Gugatan mereka kepada pemerintah sebesar Rp 100 juta, di tolak oleh Mahkamah Agung. Meskipun kemudian pemerintah saat itu menjanjikan akan menjamin kehidupan dan pendidikan bagi anak-anak mereka bahkan hingga tingkat sarjana, tapi janji itu pun menguap entah kemana.
Faktanya 12 anak-anak Karta sama sekali tak pernah diperhatikan oleh pemerintah, hidup keluarga mereka hancur berantakan, paling tinggi pendidikan anak-anak Karta hanya SMP, selebihnya putus sekolah saat SD dan bekerja serabutan.Â
Nasib Karta sendiri sangat mengenaskan tak lama setelah ia dibebaskan dari LP Cipinang, ia meninggal karena kecelakaan sepeda motor. Sementara peruntungan Sengkon pun setali tiga uang.
Selepas Sengkon dari penjara, selain tubuhnya habis digerogoti penyakit TBC, kejiwaannya pun terganggu akibat stres berkepanjangan dan malah menjadi beban keluarganya yang memang sudah berat setelah Sengkon masuk penjara.

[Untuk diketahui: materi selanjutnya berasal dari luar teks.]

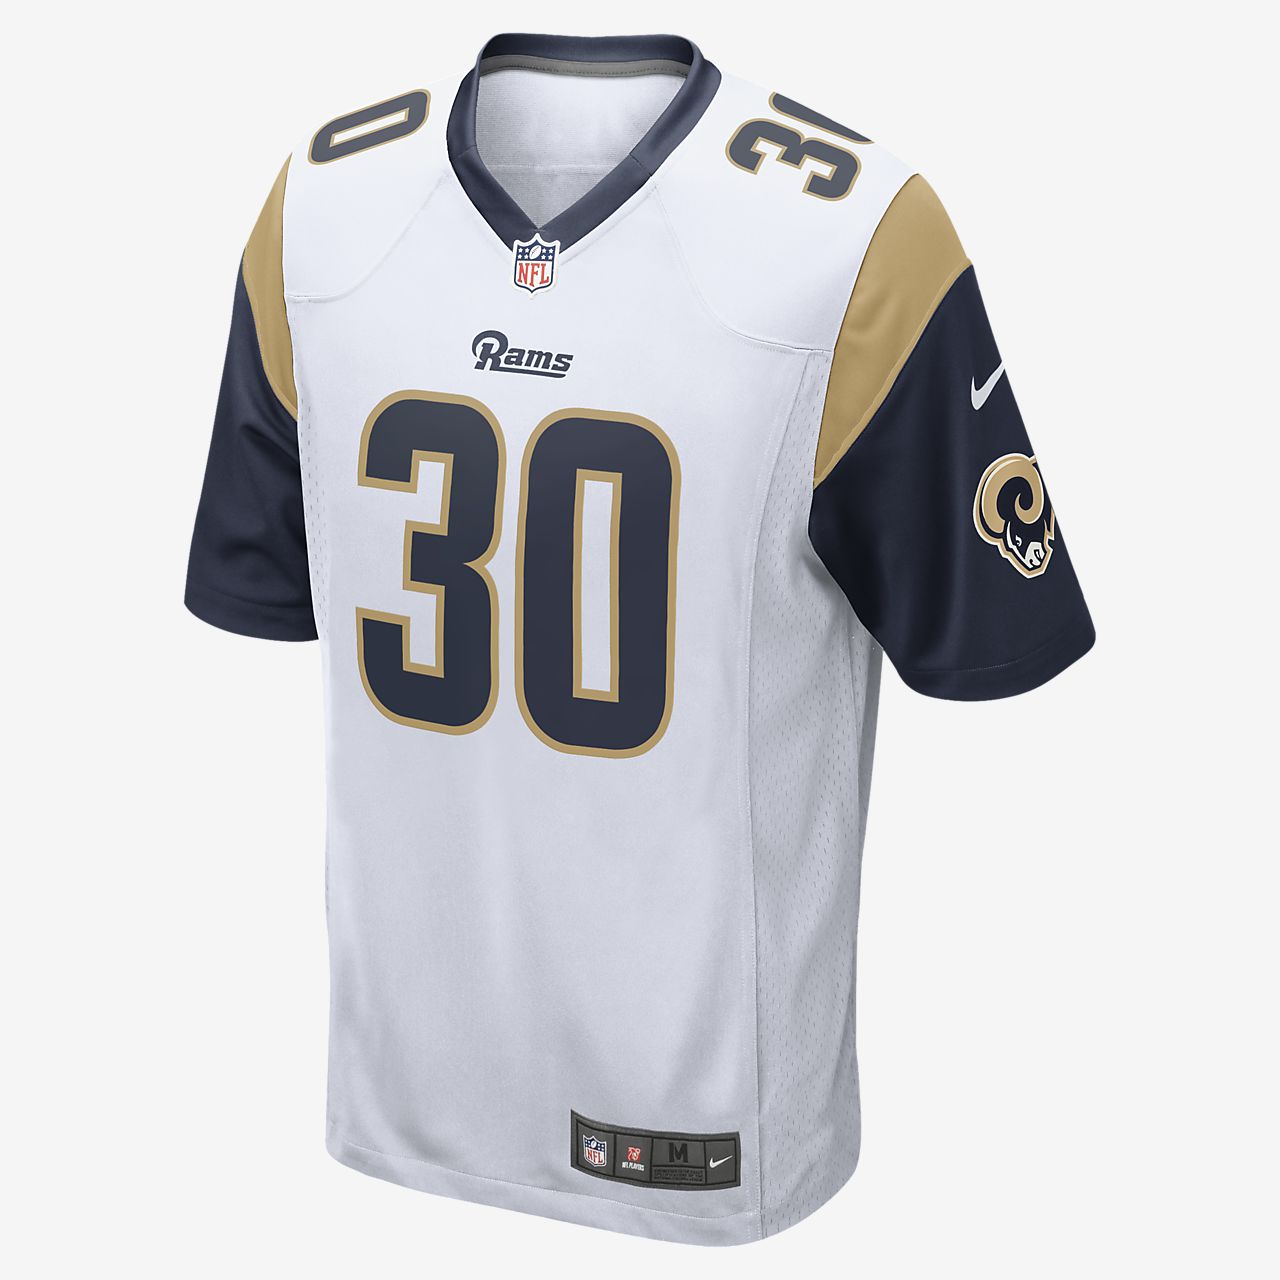 NFL Los Angeles Rams (Todd Gurley) Men's Game Football Jersey. Nike.com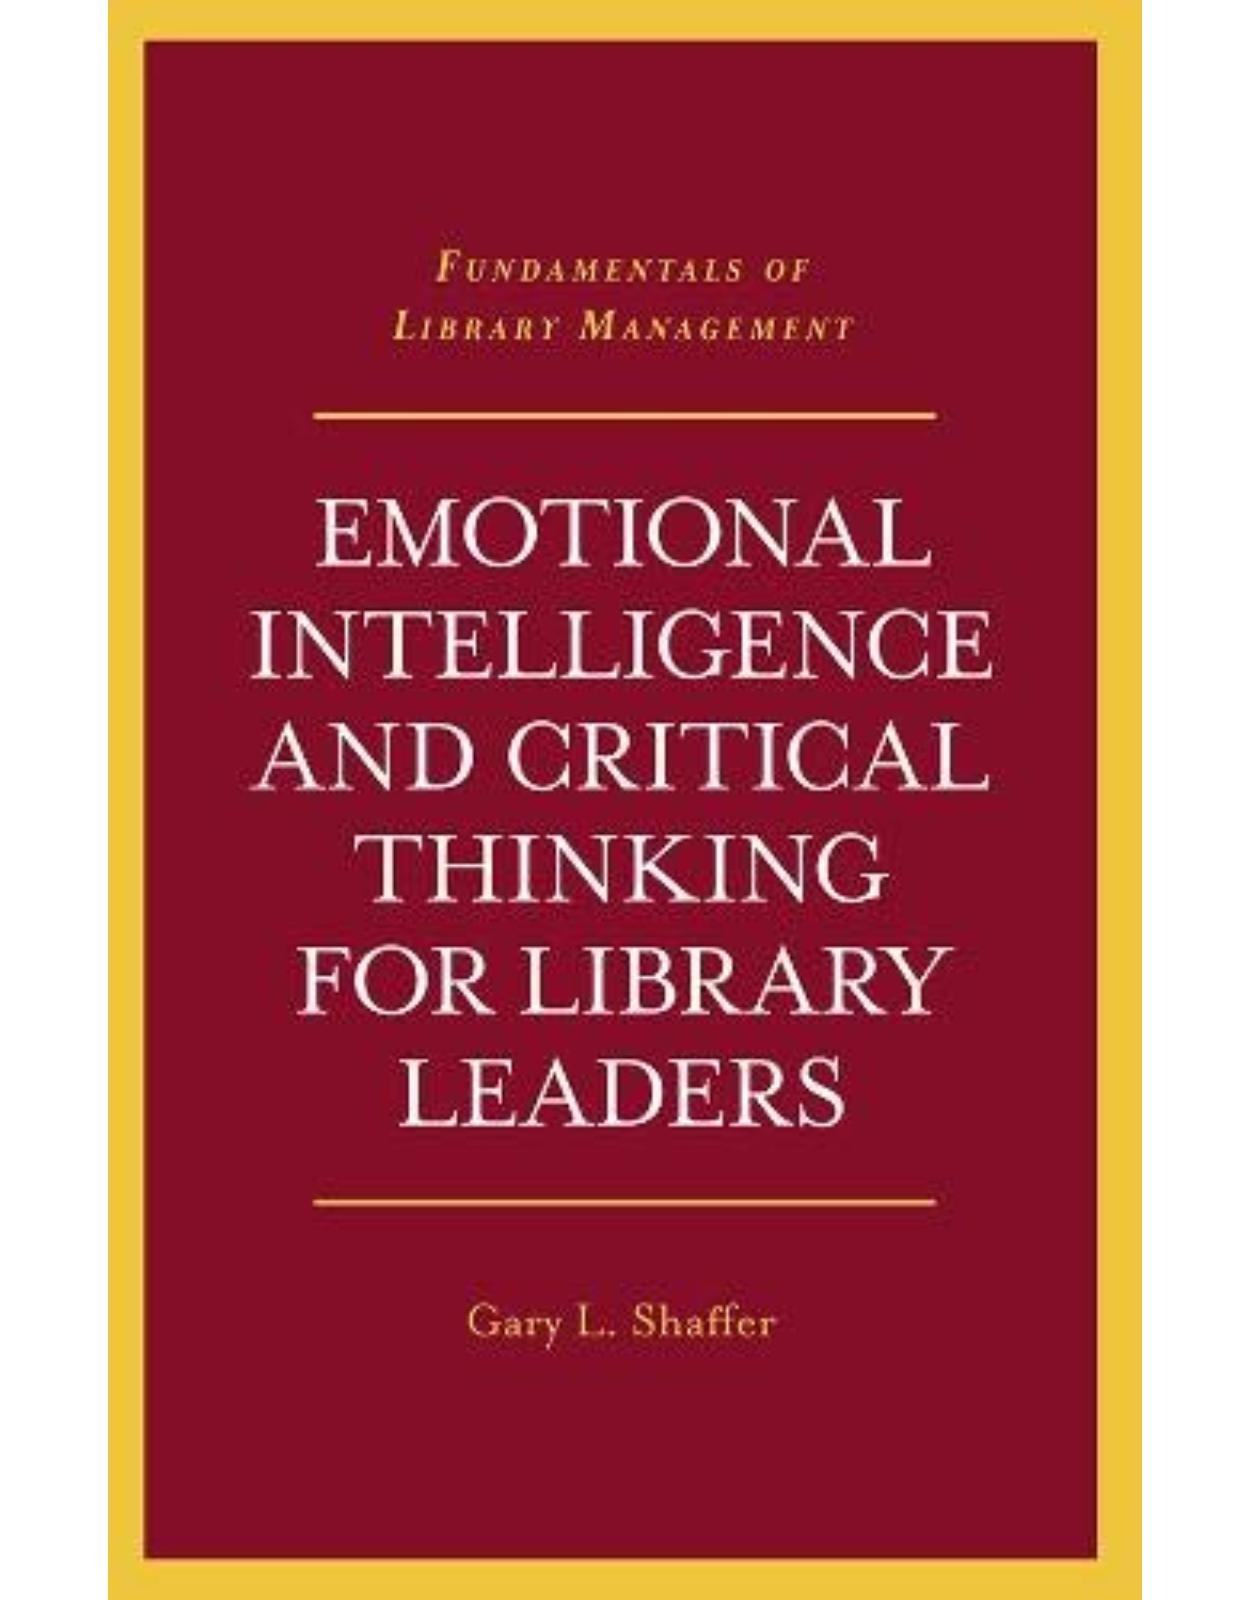 Emotional Intelligence and Critical Thinking for Library Leaders (Fundamentals of Library Management)

Akhirnya Sengkon meninggal dunia pada 1987 akibat penyakit TBC yang di deritanya.
Sungguh tragis kasus salah hukum ini, meskipun kebenaran pada akhirnya pasti akan terkuak, tapi efeknya sungguh sangat tak berperi bagi kehidupan yang bersangkutan andai aparat hukum bertindak sembrono dalam menangani sebuah  kasus hukum.